Source: [Link to Github](https://github.com/rhasanbd/Anomaly-Detection-LOF-IsolationForest-FactMCD-GMM/blob/master/Anomaly%20Detection-LOF-IsolationForest-FastMCD-GMM.ipynb)

To determine whether a data point is an anomaly we need to compute the log-likelihood of the given data.

We use the "score" method of GMM to compute the per-sample average log-likelihood of the data.

Then, compare the likelihood values with the density threshold.

we identify the outliers using the first percentile lowest density as the threshold. I.e., approximately 1% of the instances will be flagged as anomalies.

In [None]:
from sklearn.mixture import GaussianMixture
gm = GaussianMixture(random_state=0)
gm.fit(df['value'].values.reshape(-1,1))

densities = gm.score_samples(df['value'].values.reshape(-1,1))
density_threshold = np.percentile(densities, 1)

In [None]:
gm_result= [-1 if i<density_threshold else 0 for i in densities]

In [None]:
gm_result_df=pd.DataFrame()
gm_result_df['timestamp']=df['timestamp']
gm_result_df['value'] = df['value']

gm_result_df['anomaly']  = [1 if i==-1 else 0 for i in gm_result]
s_X_gm = gm.score_samples(df['value'].values.reshape(-1,1)).reshape(1, -1)[0]
s_unif_gm = gm.score_samples(unif).reshape(1, -1)[0]
auc_gm, em_gm, amax_gm = em(t, t_max, volume_support,s_unif_gm, s_X_gm, n_generated)

In [None]:
gm_result_df['anomaly'].value_counts()

In [None]:
em_values.append(em_gm.mean())
model_name.append("GMM")

In [None]:
import plotly.graph_objects as go

fig = go.Figure()

# Add traces
fig.add_trace(go.Scatter(x=gm_result_df['timestamp'], y=gm_result_df['value'],
                    mode='lines',
                    name='lines'))

a=gm_result_df[gm_result_df['anomaly']==1]

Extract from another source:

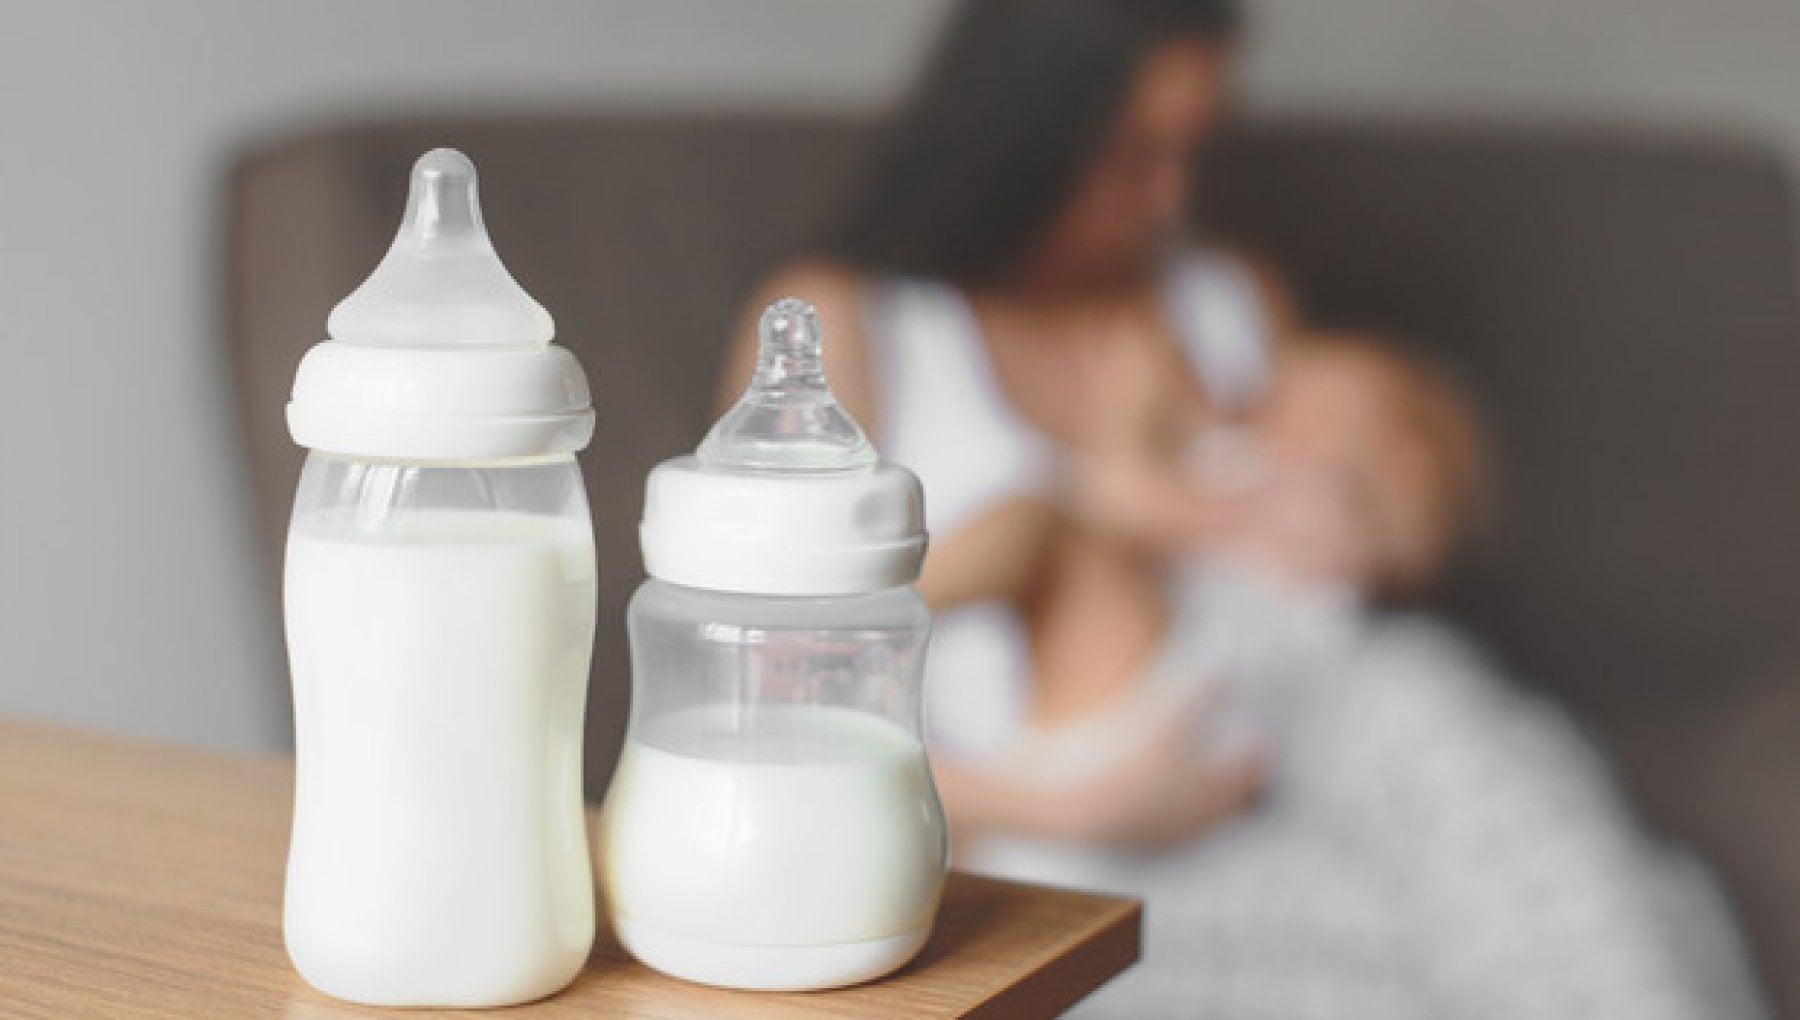 Capri, bambina di 15 mesi beve del latte scaduto e finisce in ospedale
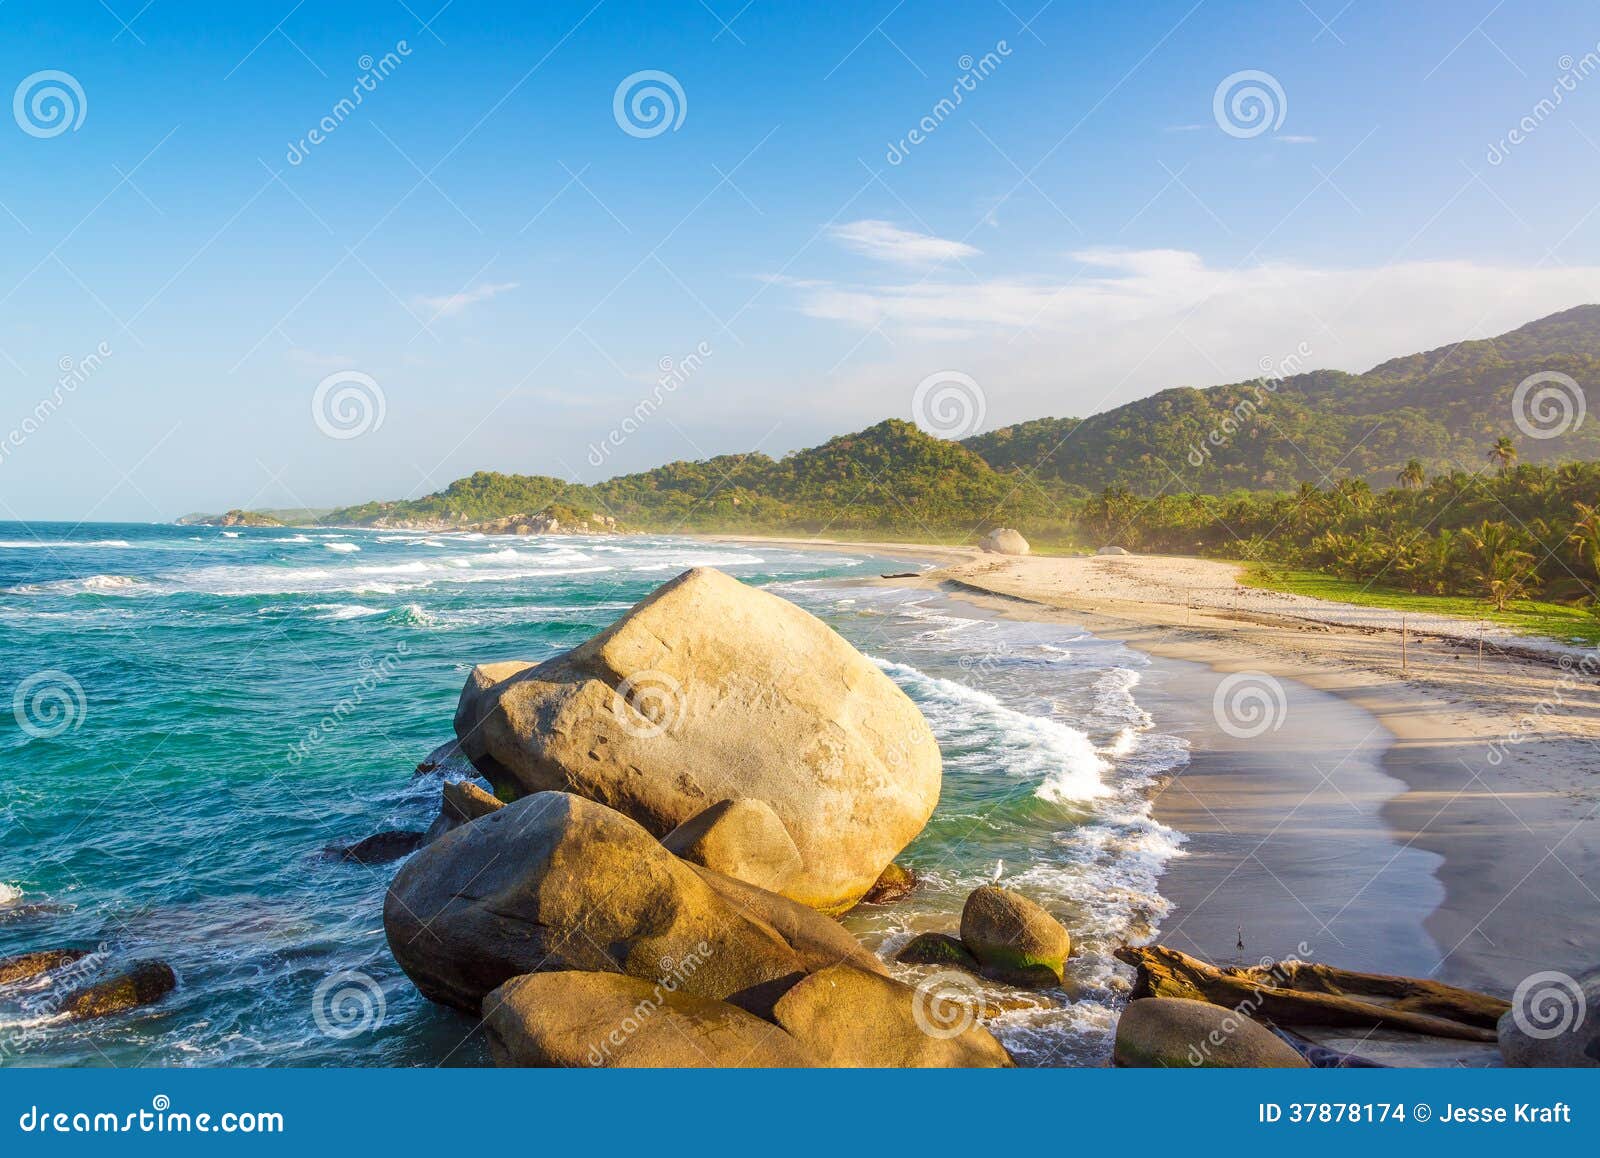 tayrona beach and rocks

fig.add_trace(go.Scatter(x=a.timestamp, y=a.value,
                    mode='markers',
                    name='markers'))

fig.update_layout(title='Anomaly detection using GMM')
fig.show("notebook")

In [None]:
final_result={}

final_result={'Model Name':model_name,'EM Value':em_values}
final_result_df=pd.DataFrame(final_result)

In [None]:
final_result_df

Higher EM value corresponds to a better model. In this case, Isolation Forest has performed the best followed by GMM.